++++ Data in this exercise ++++

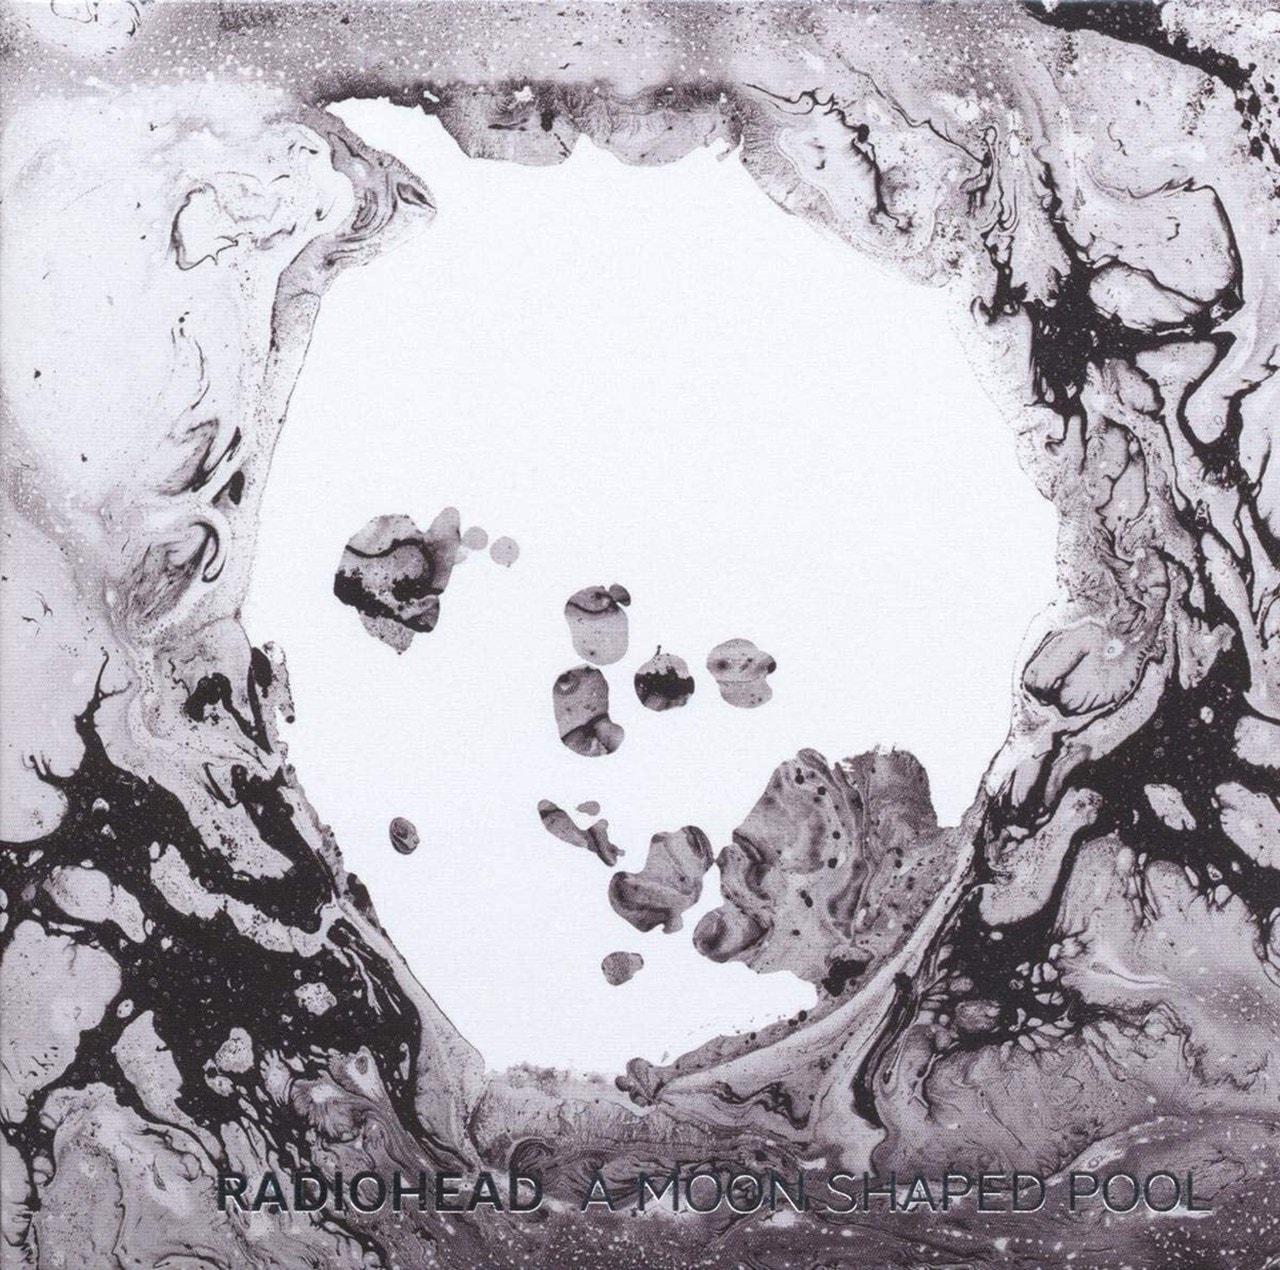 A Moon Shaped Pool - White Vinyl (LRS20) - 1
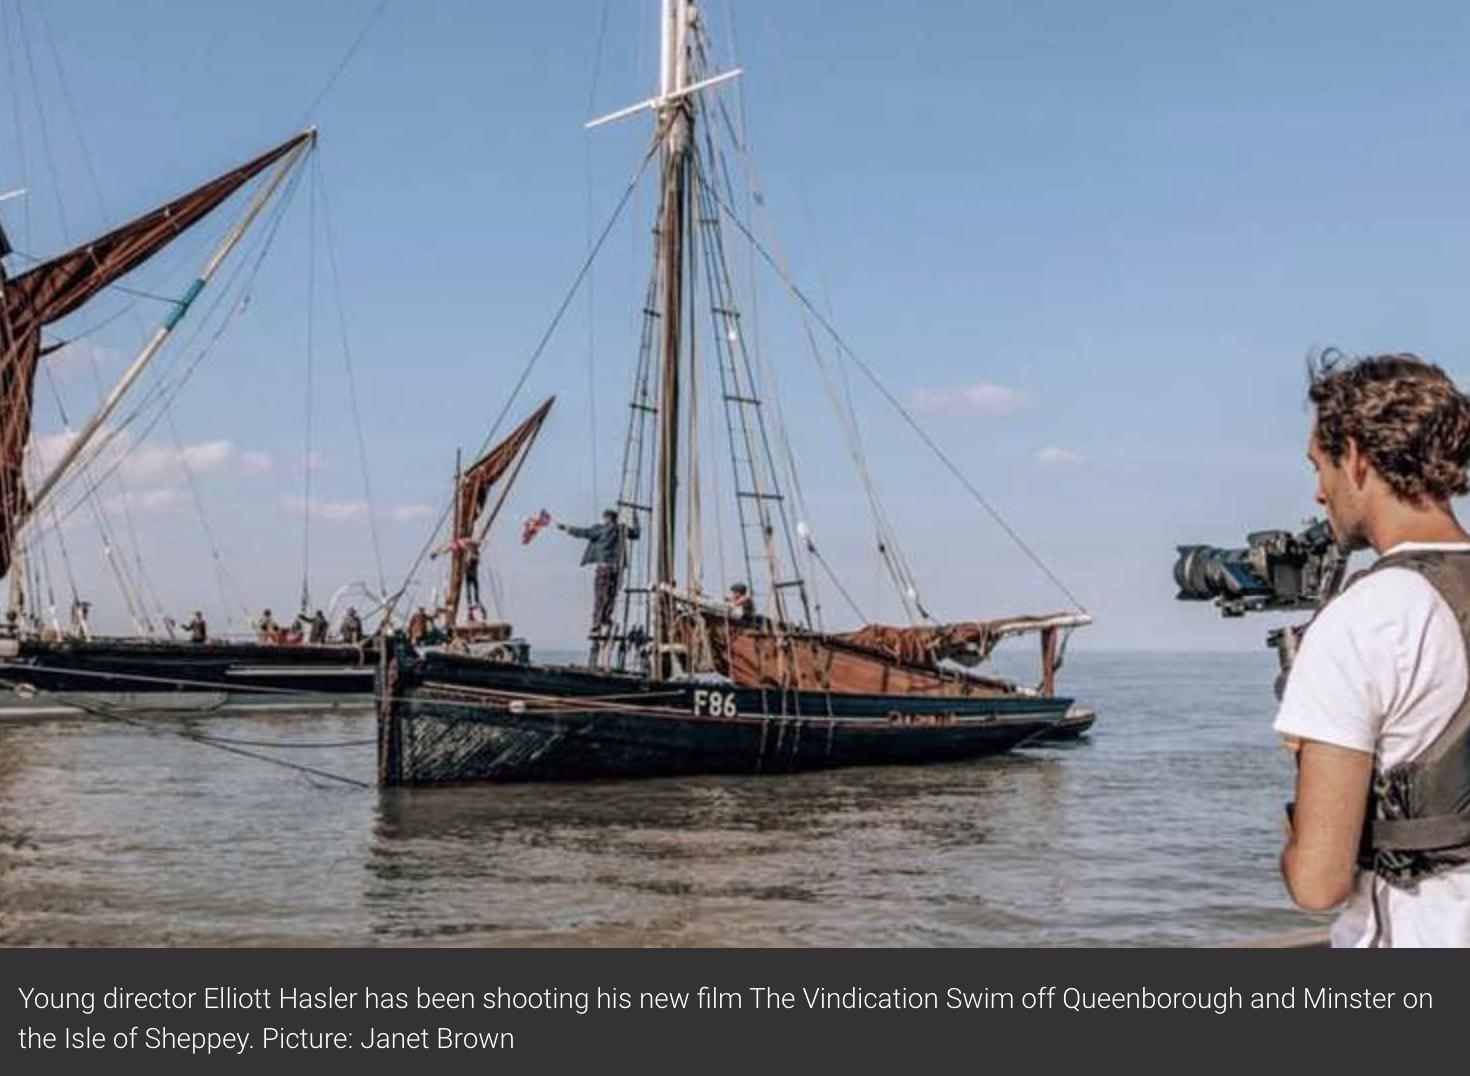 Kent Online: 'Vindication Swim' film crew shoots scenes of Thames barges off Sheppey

++++
++++ Data in this exercise ++++

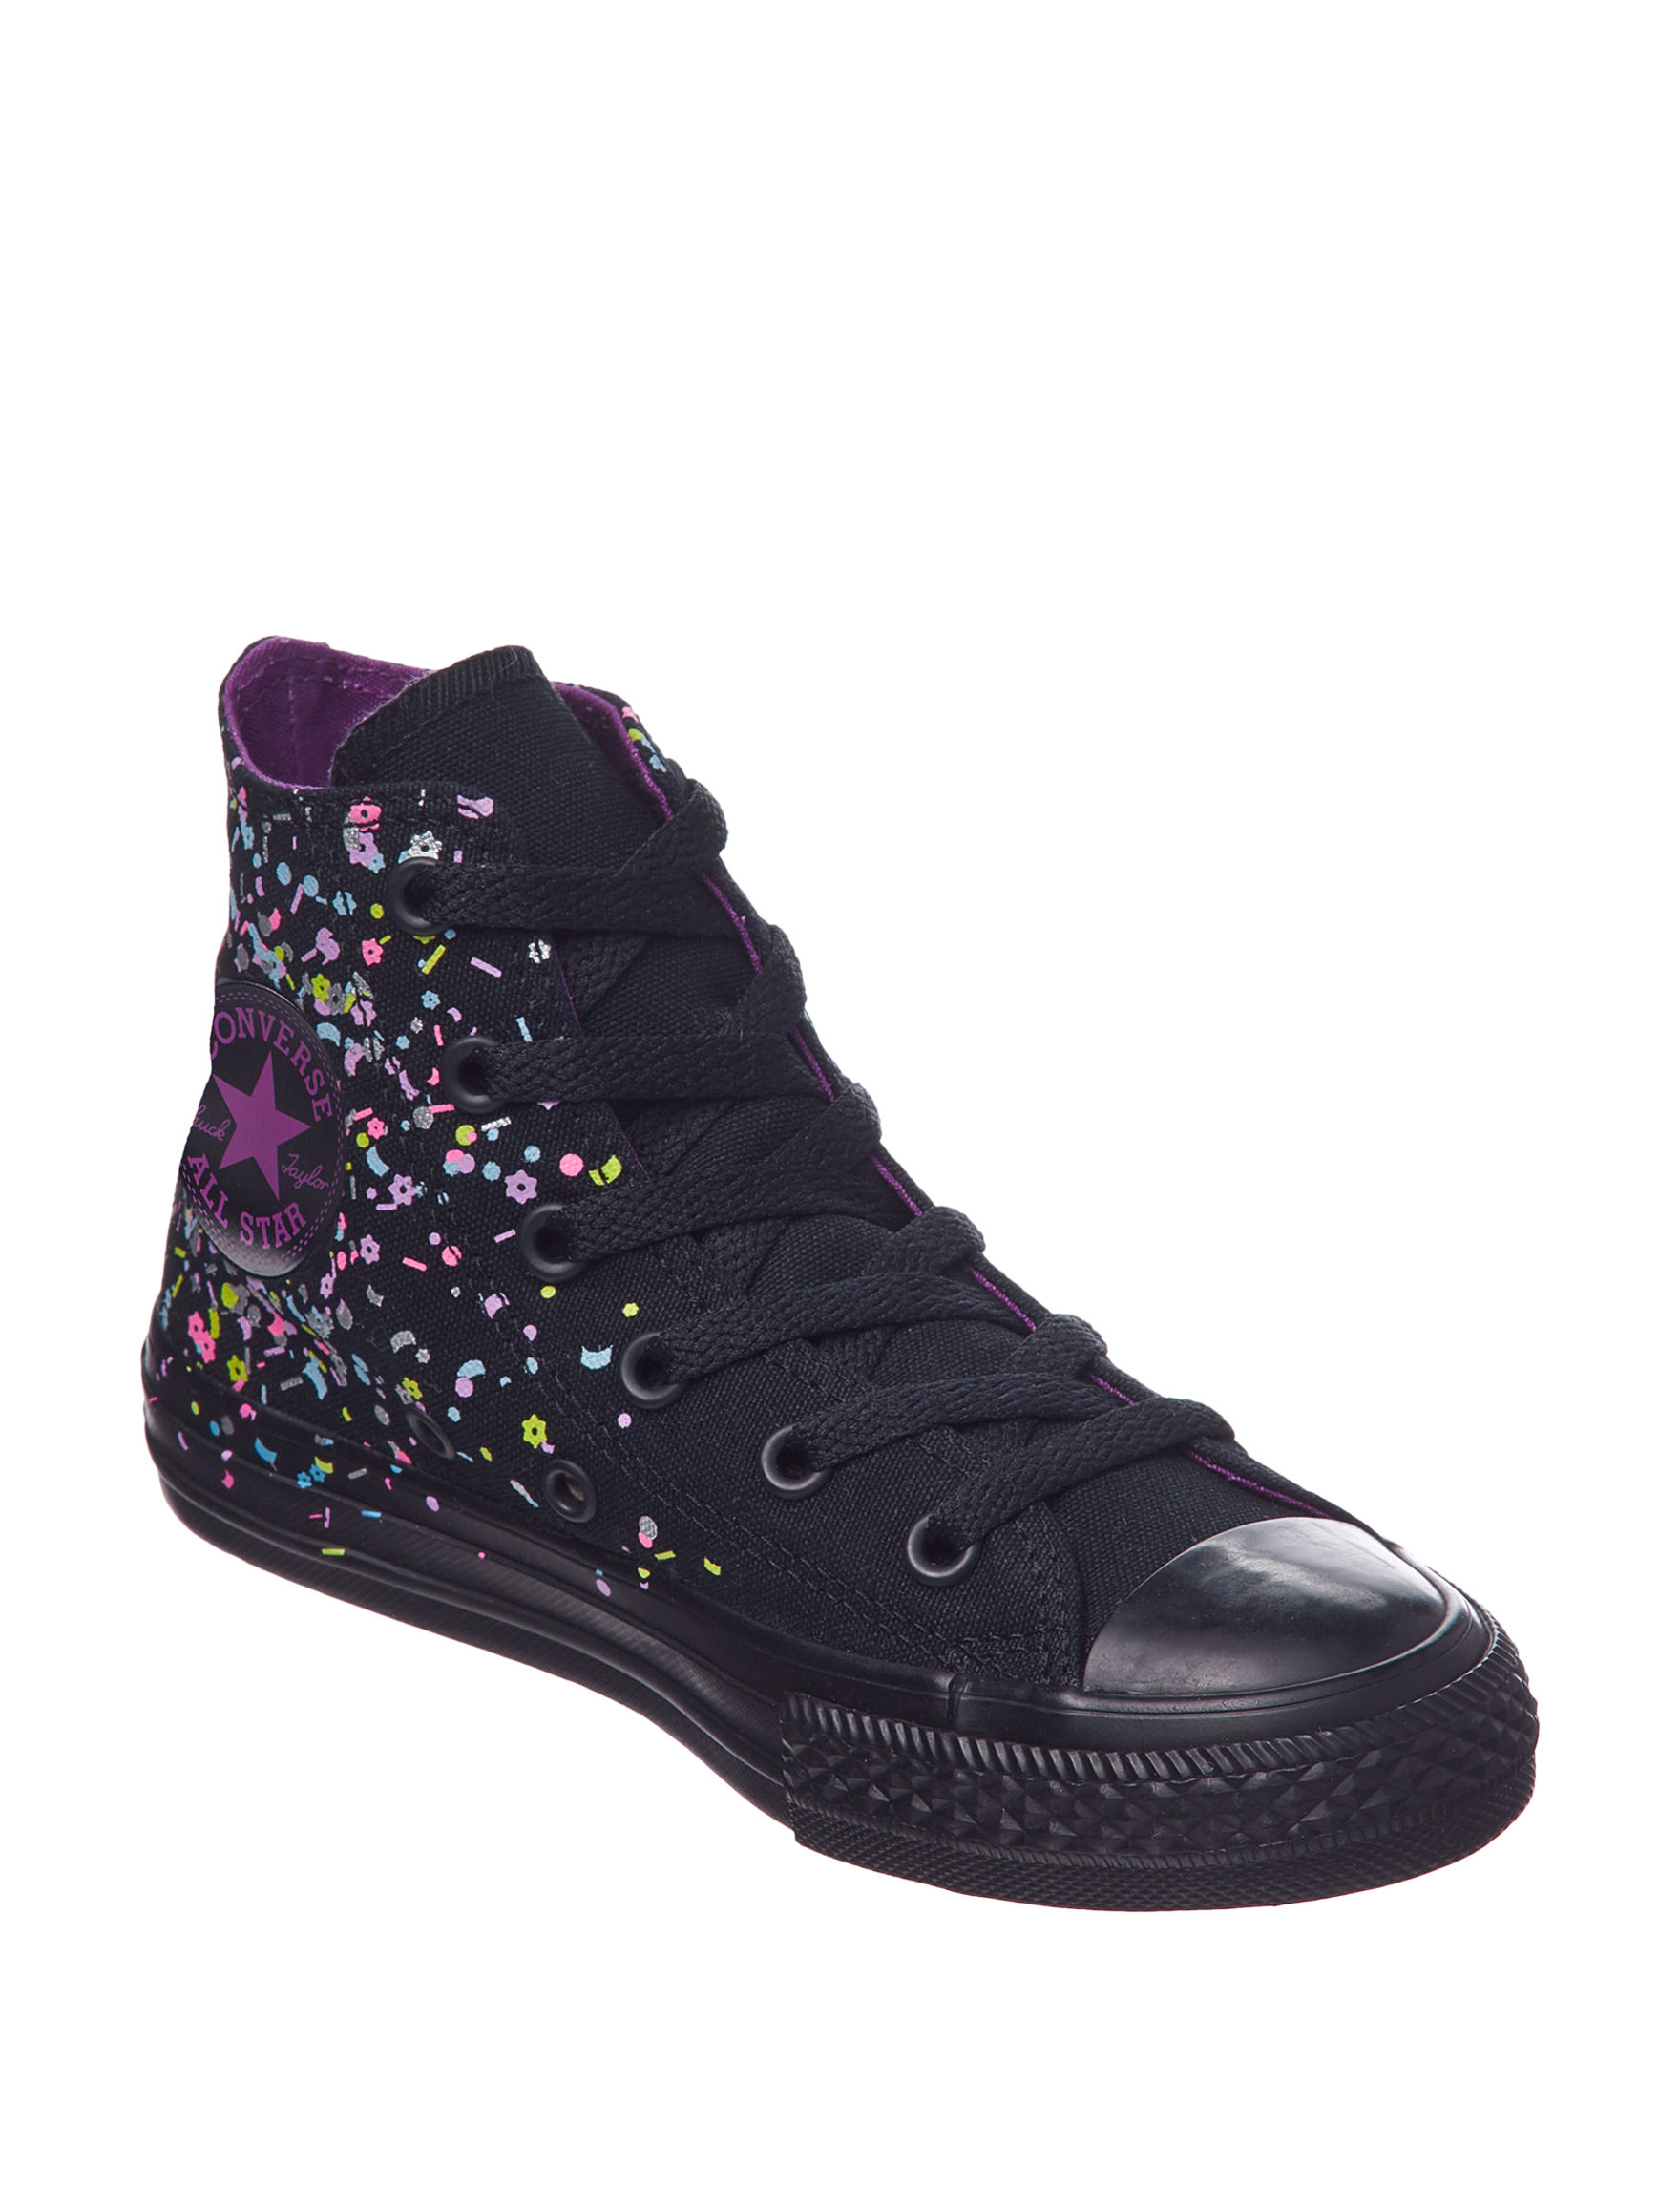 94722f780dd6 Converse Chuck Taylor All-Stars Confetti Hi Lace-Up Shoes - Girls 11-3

++++

* [Your goal]: Give again the lines of the listing above that run from the one with "A Moon Shaped Pool - White Vinyl (LRS20) - 1" up to and including the one with "Kent Online: 'Vindication". Keep them exact and omit the pictures.

* [Output for this exercise]:
 A Moon Shaped Pool - White Vinyl (LRS20) - 1
 Kent Online: 'Vindication Swim' film crew shoots scenes of Thames barges off Sheppey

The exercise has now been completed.